# Playstore Fehler: [RPC:S-5:AEC-0]



## Modders Vision (20. Mai 2013)

Hallo Zusammen!

Seit 2 Tagen kann ich im Playstor einfach nichts mehr runterladen. Wenn ich auf download touche und dann noch auf zustimmen, sollte die App eig. runtergeladen werden, aber es passiert nichts, außer, dass sich der Playstore aufhängt...
Ich habe ein HTC HD2 mit Android 4.1.2
Ich hoffe ihr könnt mir helfen 

Vg,
Modders Vision


----------



## Trolli91 (20. Mai 2013)

*AW: Playstore downloaded nichts mehr*

Mal ganz lapidar gefragt:
Du hast das Internet für den Play Store in keiner Weise beschnitten? zB Hintergrunddaten dafür (oder für "Medien" ) ausgeknipst? Keine Apps die in irgendeiner Form die Internetanbindung beeinflussen können?


----------



## Modders Vision (20. Mai 2013)

Welche Apps könnten das denn sein?


----------



## Trolli91 (20. Mai 2013)

*AW: Playstore downloaded nichts mehr*

An die könntest du dich wahrscheinlich erinnern 
Hab den letzten Satz sowieso überlesen (das sich der Play Store aufhängt). Hast du mal die apk vom Play Store irgendwo heruntergeladen und neu installiert? manchmal hilft das schon


----------



## Modders Vision (20. Mai 2013)

Soll ich den alten dann deinstallieren?


----------



## PommesmannXXL (20. Mai 2013)

*AW: Playstore downloaded nichts mehr*

Mal den alten deinstallieren (wenn das geht) und den hier draufpacken:

Google Play Store - APK - Download - CHIP Handy Welt


----------



## Modders Vision (20. Mai 2013)

Beim herunterladen der apk is mir gerade aufgefallen, dass auch der downloadmanager nicht mehr richtig funktioniert, so werden in der statusleiste keine infos zum download mehr angezeigt...
Und das neu installieren des play stores zeigt keine änderung 
Also der Downloadmanager funktioniert wieder, die Benachrichtigunhen waren nur deaktiviert.
Beim Playstore kommt immer die Fehlermeldung: "Fehler beim abrufen von Informationen vom Server: [RPC:S-5:AEC-0]"


----------



## Modders Vision (21. Mai 2013)

Ich habe jetzt mal verschiedene Varianten ausprobiert, wie abmelden, daten der anwendung löschen, anwendung deinstallieren, die apk von chip zu installieren, day gerät neu starten und wieder neu anmelden, aber nach wie vor bekomme ich folgende Fehlermeldung: 


			Dieser Inhalt steht nur eingeloggten Mitgliedern zur Verfügung.
        


Bitte helft mir!


----------



## Trolli91 (21. Mai 2013)

*AW: Playstore downloaded nichts mehr*

"Fehler beim Abrufen von Informationen" Fehlercode: [rpc:s-5:aec-0]

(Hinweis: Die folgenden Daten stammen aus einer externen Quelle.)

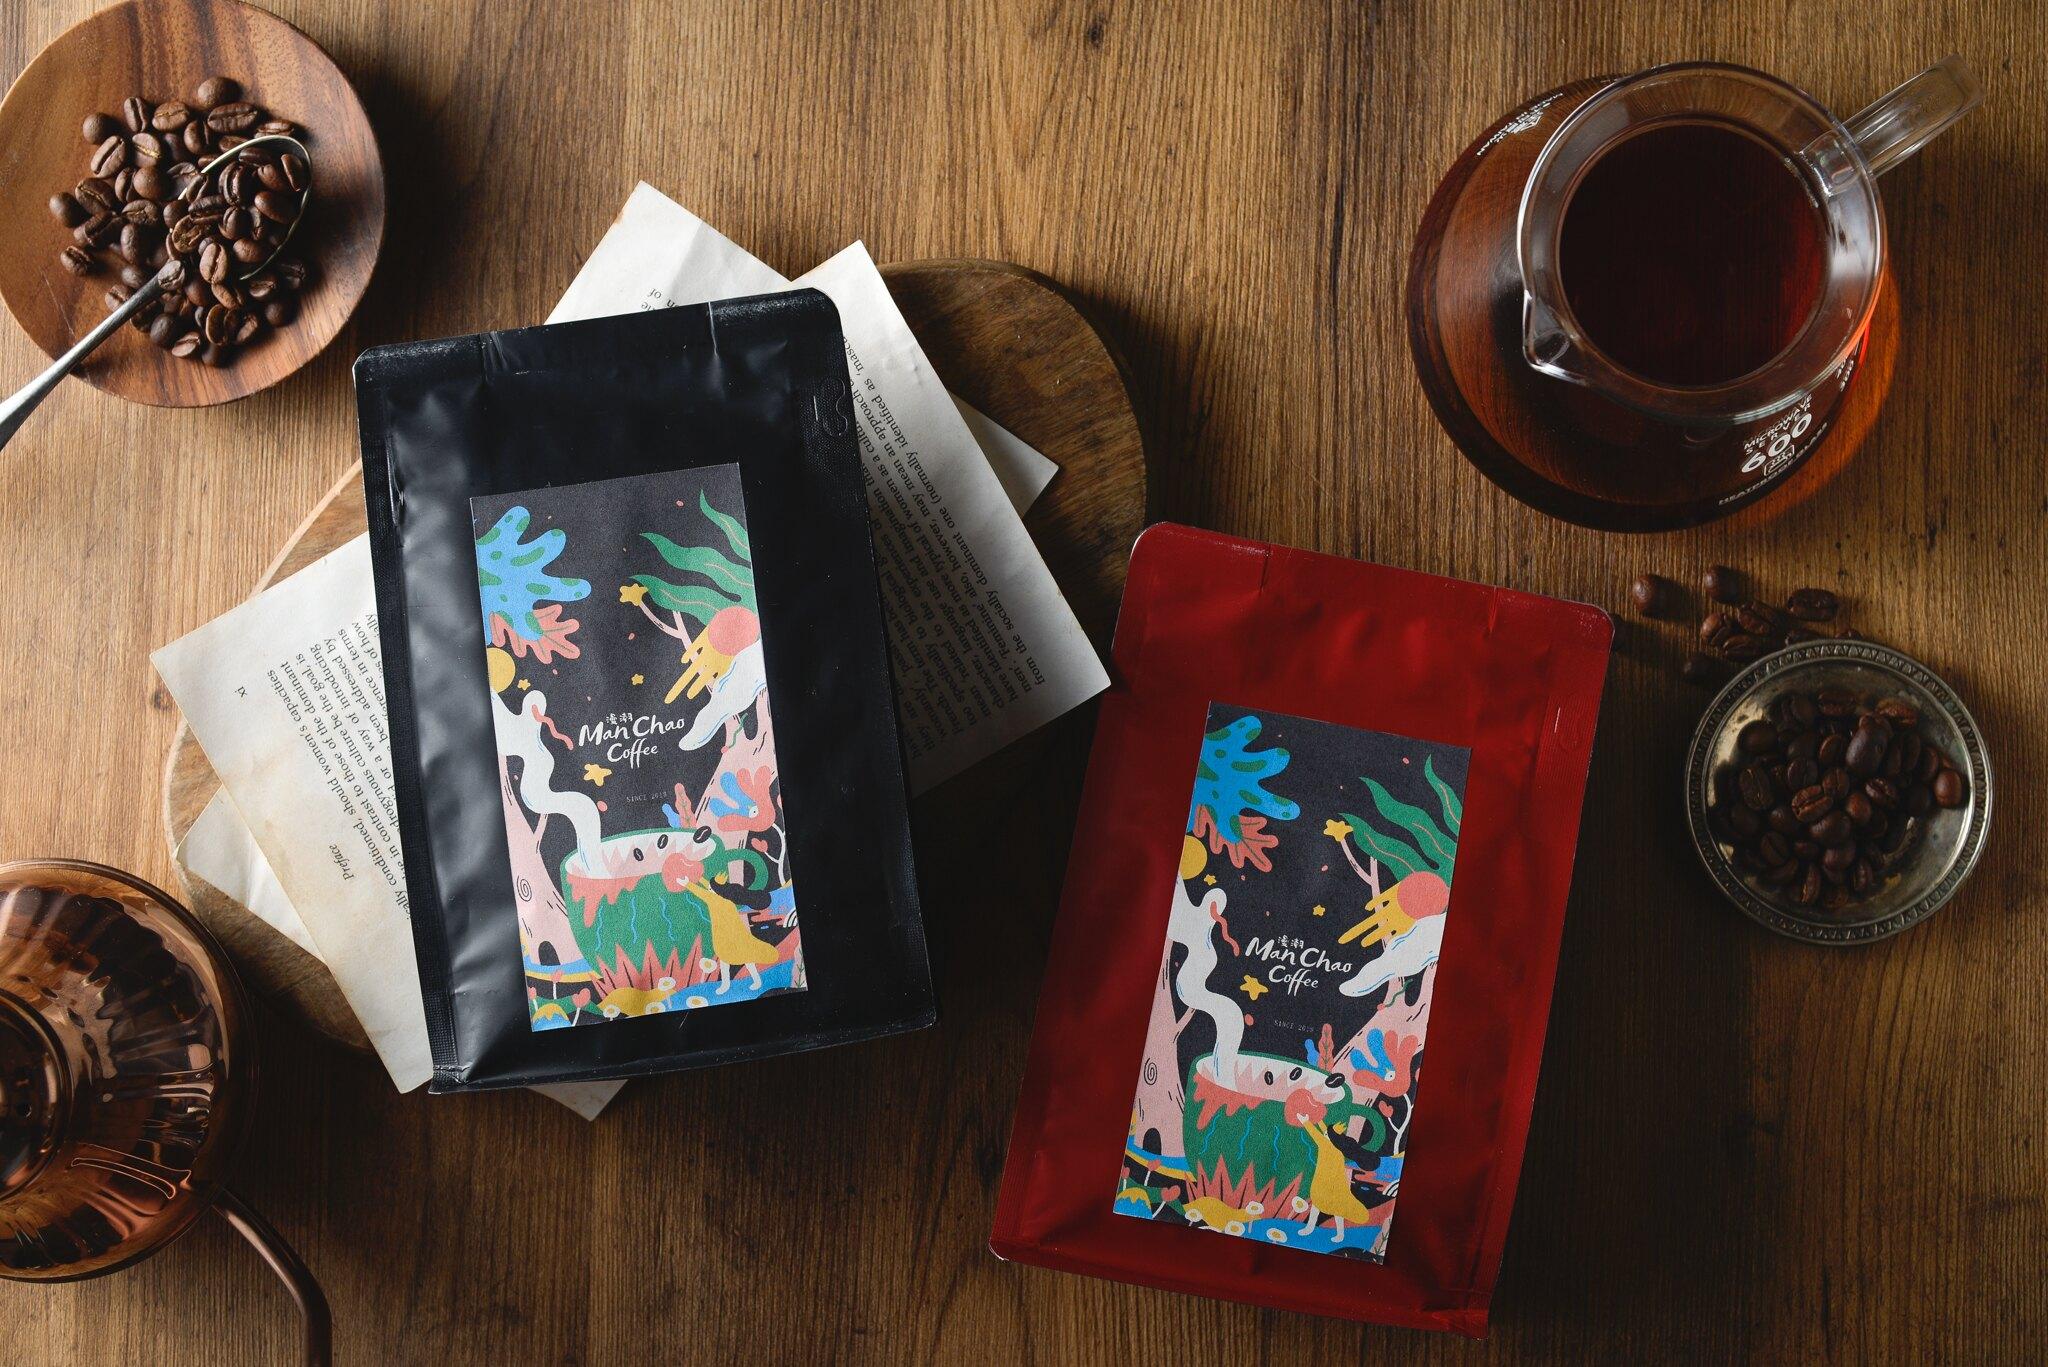 馬拉威-穆珠珠 波卡合作社(水洗) (Malawi-Mzuzu Phoka Cooperative) 咖啡豆(半磅/一磅) 漫潮咖啡

Das hast du demzufolge bereits probiert? Habe auch in den Kommentaren gelesen das jemand nach entfernen des Google-Accounts noch den Cache geleert hat, Handy neustartete und es erst dann gewerkelt hat. Vielleicht bringt dir das ja Glück


----------



## Modders Vision (21. Mai 2013)

Ich habe nochmal bisschen rum gesucht und ausprobiert, in einem englischen forum fand ich den Tipp das Google Konto zu löschen alle Daten der App zu löschen, die Updates zu deinstallieren, sodass alles wieder auf den Werkseinstellungen ist, dann neu starten, mit einer anderen ID anmelden, Play Store Update laden, Konto löschen, Daten wieder alle löschen, nochmal neu starten, mit richtiger ID anmelden und es ging


----------



## Trolli91 (21. Mai 2013)

*AW: Playstore downloaded nichts mehr*

Schön das es wieder geht  Bei meinem Link hättest du genau den Spaß auf Deutsch gehabt


----------



## Modders Vision (21. Mai 2013)

Danke dir 
Jetzt durfte ich nach 5Monaten und 4reperaturen in Folge endlich wieder mein Motorola Motoluxe abholen, aber das HD2 brauche ich jetzt erst noch, weil die des Handy zerflashed haben, weil ich ein Custom ROM drauf hatte, aber das war ja eig. egal, weil ich hab eh schon extra Geld gezahlt, wegen Displaybruch (was ich im nachhinein NIE mehr machen würde). Und die haben alles gelöscht und das Mainboard getauscht... Aber ich dachte mir schon, dass die keine Lieferengpässe haben...
Ich werde auf jeden Gall nichts mehr bei Saturn und Mediamarkt kaufen, der Service is zum


----------